A linha ininterrupta formada pelo movimento do veículo representava os planos que traçara para sua vida adulta, a qual começara muito bem, já que fora aprovada no curso tão almejado. Entretanto, ao ver a guia ser interrompida por um cruzamento, ela lembrou-se do rosto de Nathália, morta. E toda a perfeição de seu plano dissolveu-se como as primeiras gotas de chuva depois do longo e seco inverno naquela parte do globo onde fora construída a capital do Brasil.

Maldita hora que entrou naquele auditório, concluiu ela, limpando uma lágrima, poderia muito bem ter matado a aula inaugural. Ninguém notaria sua falta mesmo...

Não estar disposta a quebrar regras a levou, em uma bola de neve, a infringir dezenas de outras. No momento em que atravessou aquela porta dupla, sua vida perfeita desceu pelo ralo.

Por que gastou o dinheiro? Se tivesse pago aquela fiança fraudulenta, nada daquilo teria acontecido também. Avisaram no grupo da sala para todos levarem uma quantia específica. Ela preferiu ignorar. Como sempre fazia. Se não concorda, não faça! eis o seu slogan pessoal. A arrogância sempre acima de tudo.

— Não deixe que essa história desanime você... — comentou o homem de branco, como se adivinhasse os pensamentos da garota ao seu lado.

— Como não? — retrucou Thalita, sem forças para discutir ou virar-se para seu interlocutor, preferia manter o olhar na paisagem além da janela, sua voz soava chorosa, áspera, talvez agressiva... — Posso ser presa a qualquer momento!

— Sim, vai — concordou ele. — Mas apenas se desistir...

— Até parece... — ela o encarou, o olhar furioso. — Foi exatamente por não desistir que estou nessa enrascada!

— Pode ser...

— Você não está ajudando! — gritou ela e virou-se novamente. Falar sobre aquilo apenas tornava seu fracasso como pessoa real.

— Desiste então — acrescentou o homem, sua voz gentil contribuía para irritá-la ainda mais — e deixe quem a incriminou solto por aí.

— Ninguém me incriminou! — rosnou Thalita, para si mesma, e acrescentou virando-se para seu interlocutor. — Eu fiz isso... e sozinha!

— É, acho que a superestimei — concluiu, desapontado. Temia ter apostado aquelas fichas de alto valor em um cavalo azarão.

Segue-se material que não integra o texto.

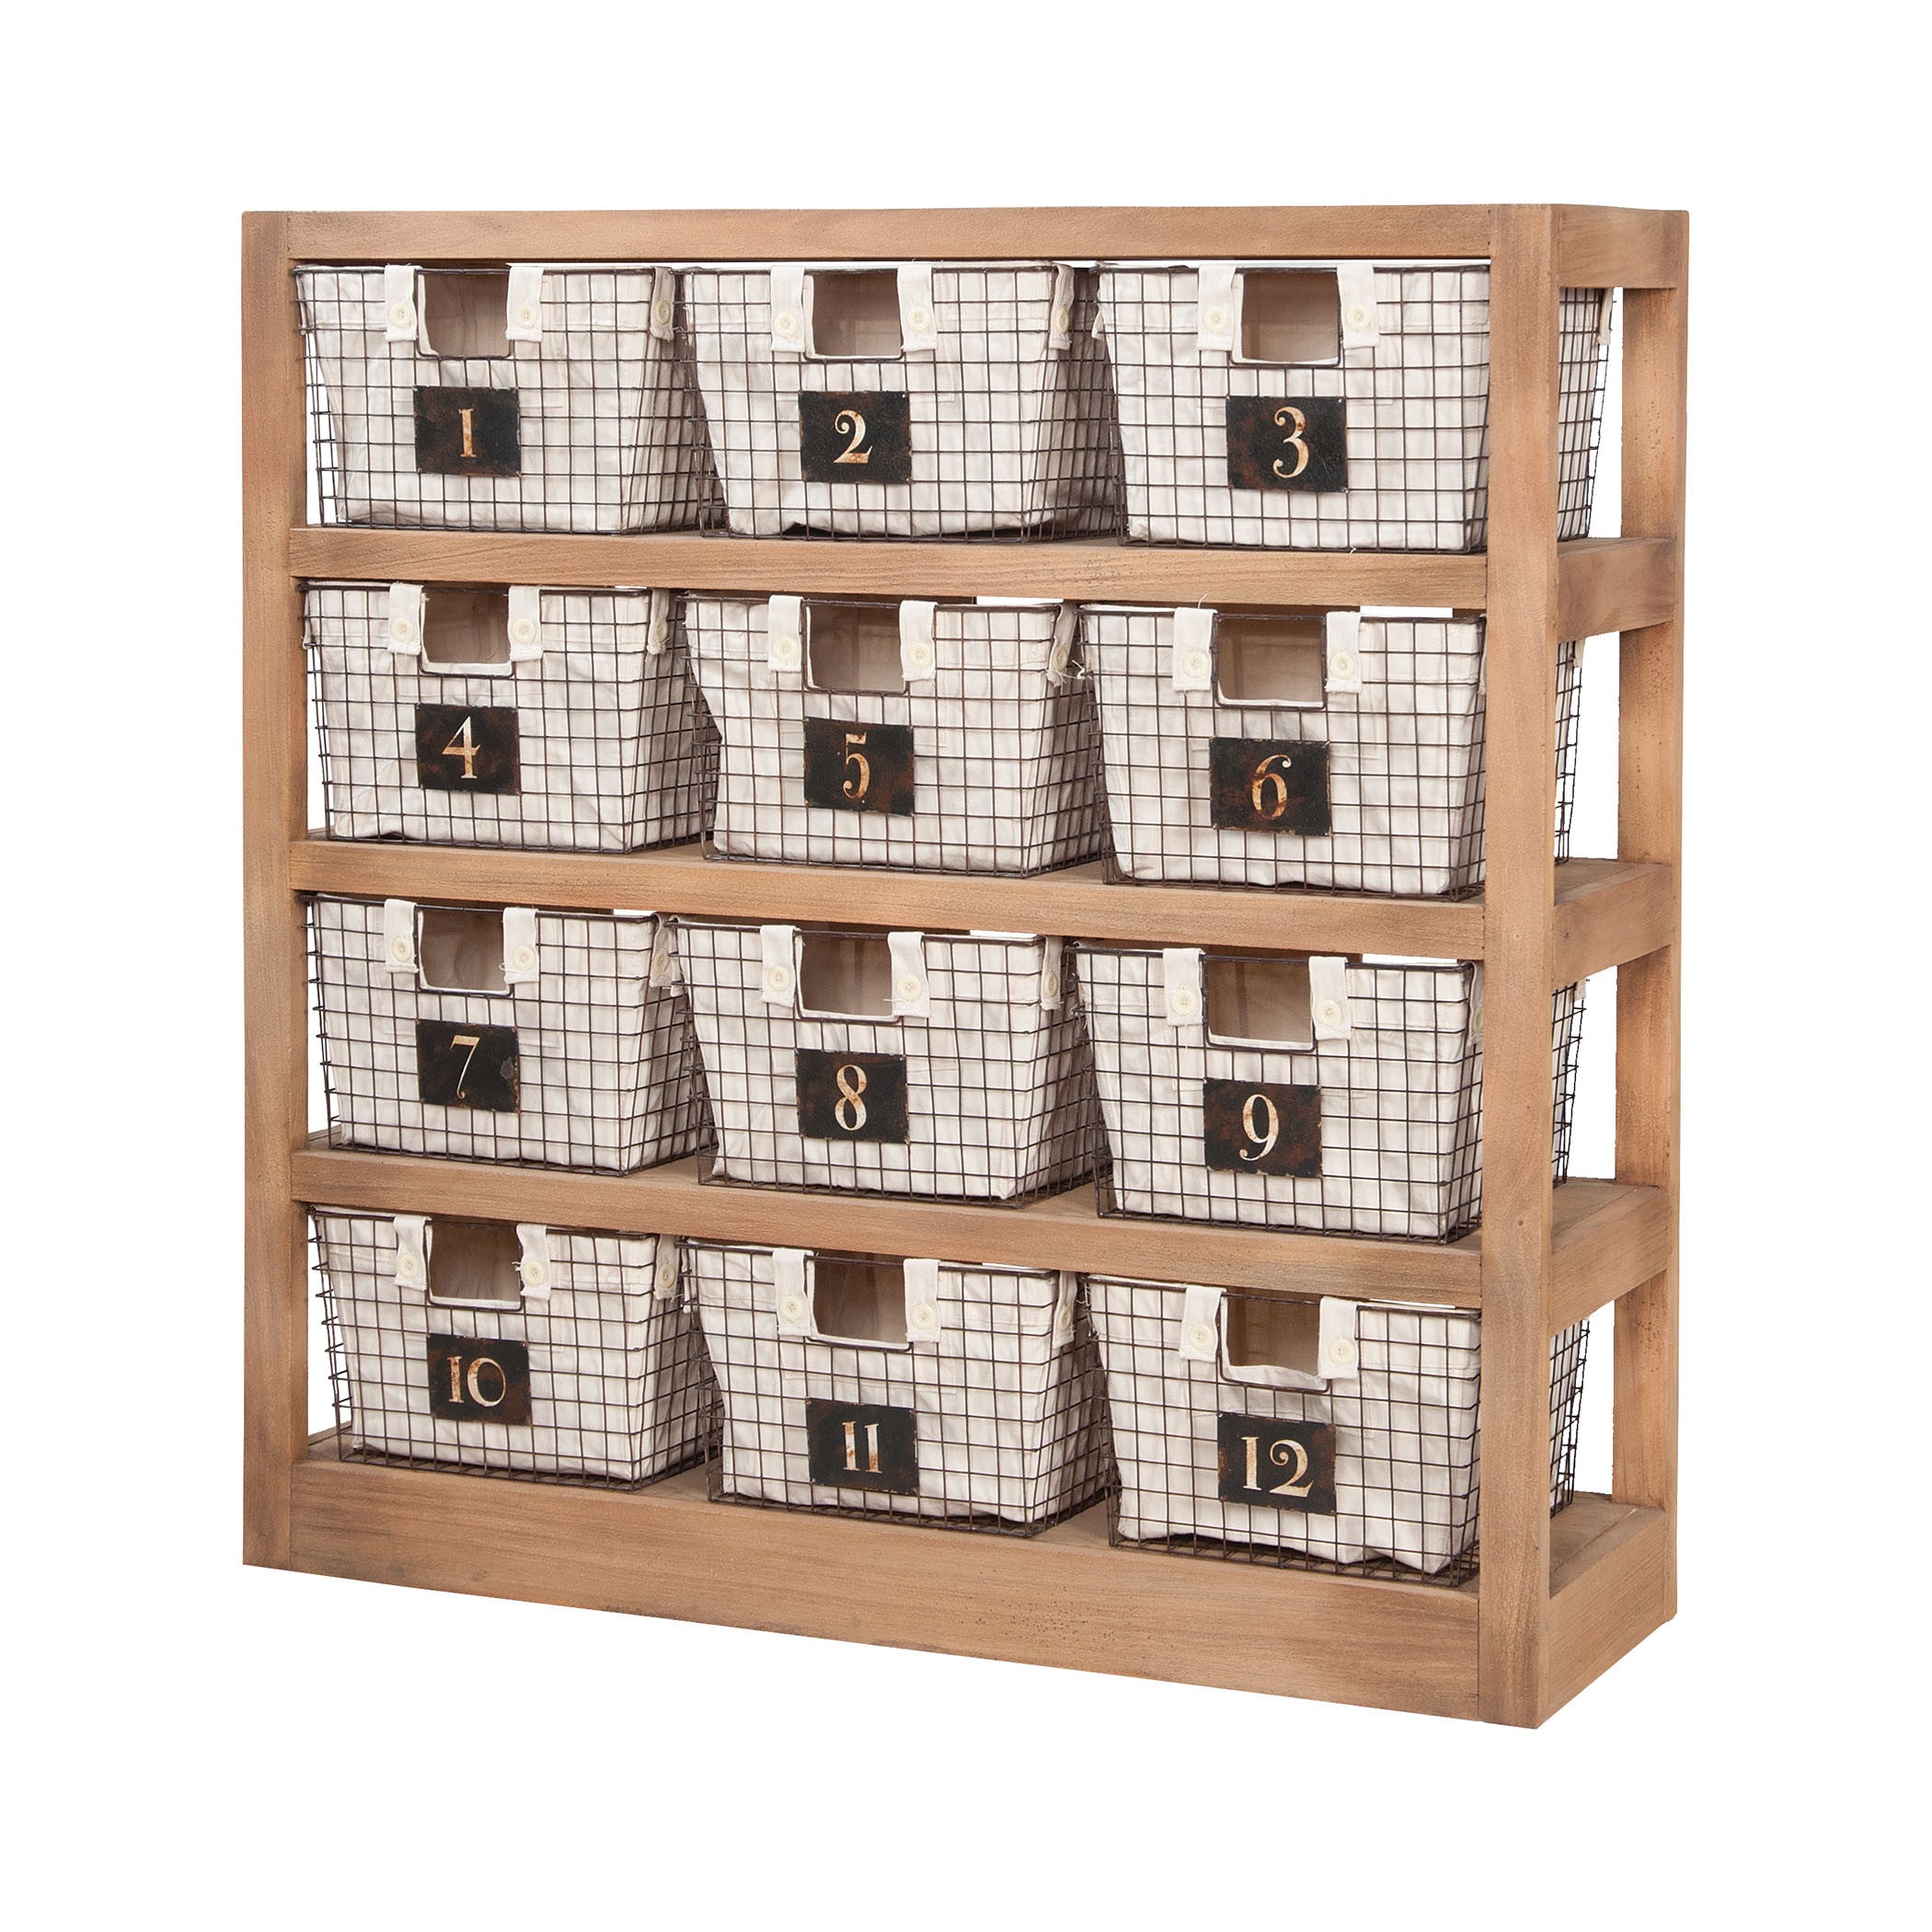 Guildmaster Gui-625060 Locker Baskets Collection Honey Oak Finish Shelf

Novamente o único som dentro do veículo foi o do rádio. A emissora iniciava sua programação de notícias. Thalita virou-se para frente intrigada quando a locutora anunciou a descoberta de corpo de acadêmica na câmara fria do prédio da faculdade de medicina. A repórter acrescentou que a polícia ainda investigava o caso e procurava possíveis suspeitos pelo crime. Antes de encerrar, narrou uma breve bibliografia de Nathália, os pais importantes na cidade, e suas conquistas universitárias no último ano. Thalita sequer foi citada pela radialista. Na verdade, os altos mencionavam apenas os dois acadêmicos de medicina como descobridores do cadáver.

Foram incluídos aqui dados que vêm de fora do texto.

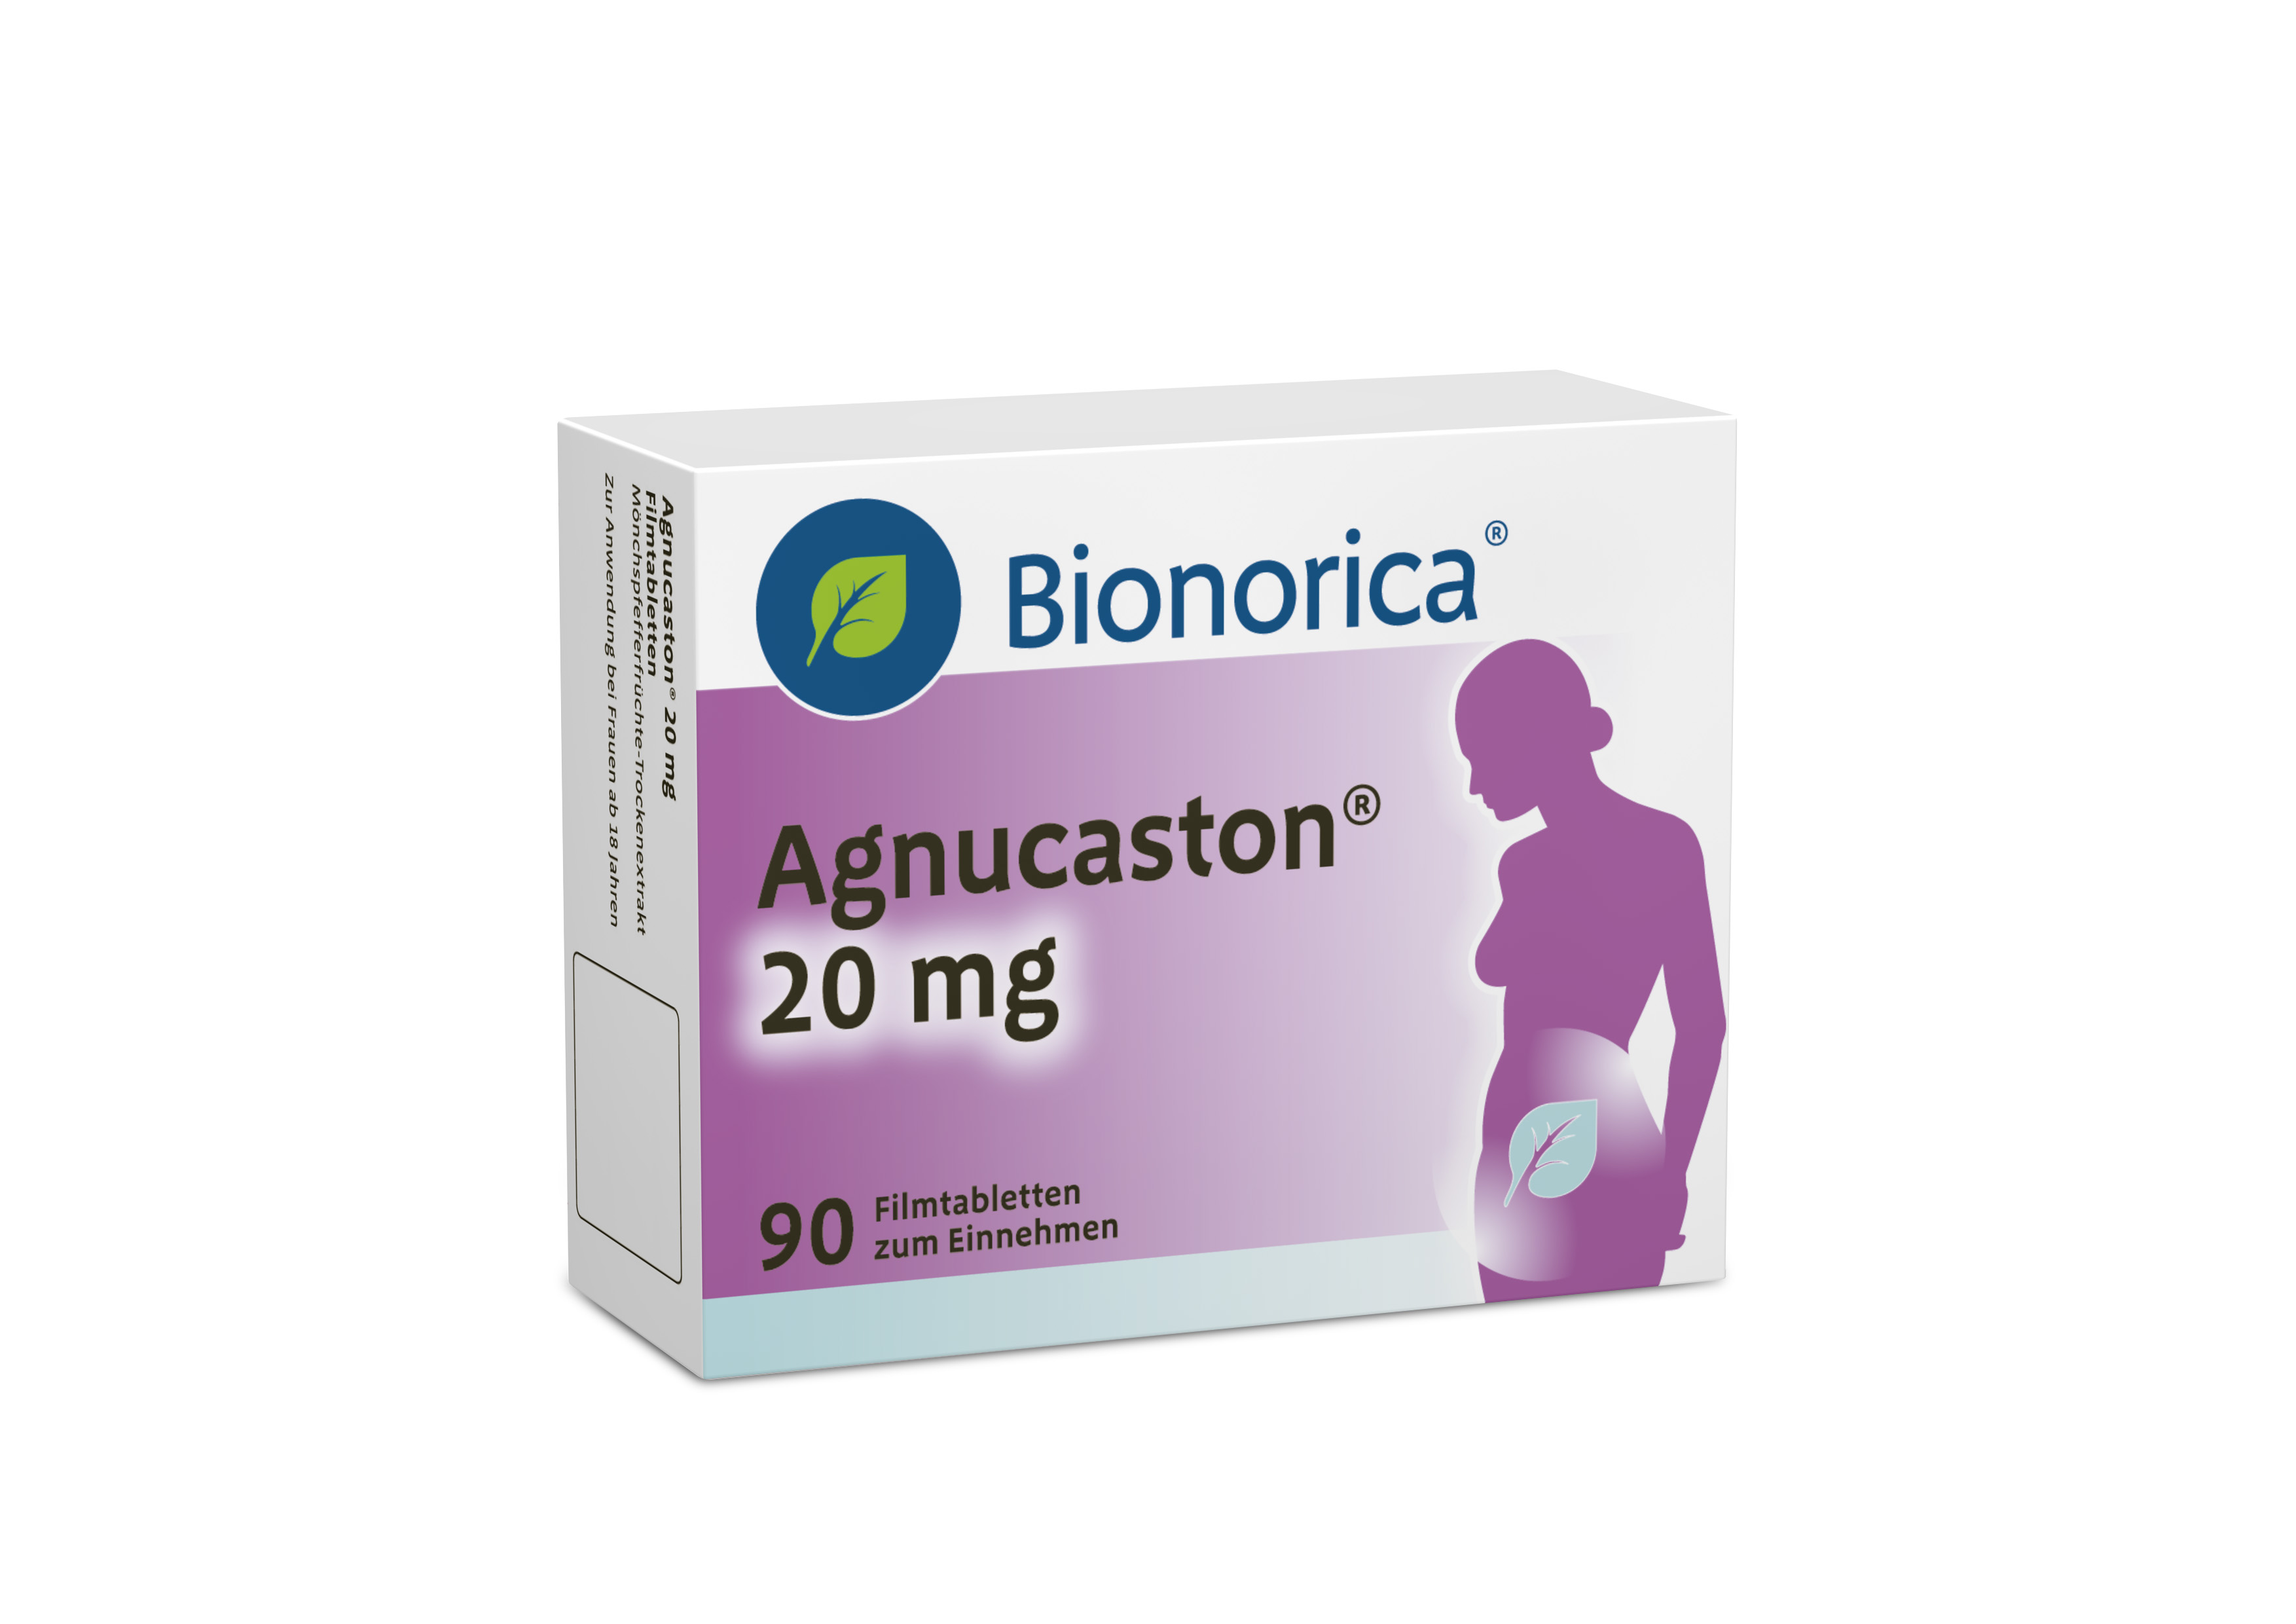 Agnucaston® 20 mg Packung

Uma reviravolta surpreendente que dava algum tempo a ela, pelo menos até que encontrassem suas impressões digitais nas roupas da defunta.

— Tudo bem — concordou Thalita, quebrando o silêncio de menos de um minuto criado após o motorista desligar o aparelho de som do automóvel, a voz ainda titubeante. — O que preciso fazer?


Thalita atravessou a portaria rapidamente, mal respondendo ao cumprimento do porteiro. Abriu a caixa de correio e pegou as correspondências em seu interior. Já não fazia aquilo há algum tempo.

A maioria não passava de cupons e panfletos com promoções de supermercados e lojas. Mas havia um pacote com o endereço de casa.

A mãe enviara para ela seu exemplar de Auguste Dupin: o primeiro detetive. O livro reúne algumas histórias de Edgar Alan Poe nas quais o protagonista é o detetive icônico. Ela já tinha um exemplar daquele volume, mas era um livro velho, que encontrou em um sebo anos atrás, então, quando viu o novo compilado do personagem, fez o pedido, alguns dias antes de viajar para o Distrito Federal. Já devia ter lido cada uma daquelas histórias dezenas de vezes, conhecia cada uma delas perfeitamente, mesmo assim agradecia imensamente à mãe por ter lhe enviado o novo livro.

Dupin chegara em uma boa hora, já que ela precisava se distrair aquela noite. E ainda, talvez a leitura a ajudasse encontrar uma saída daquela enrascada.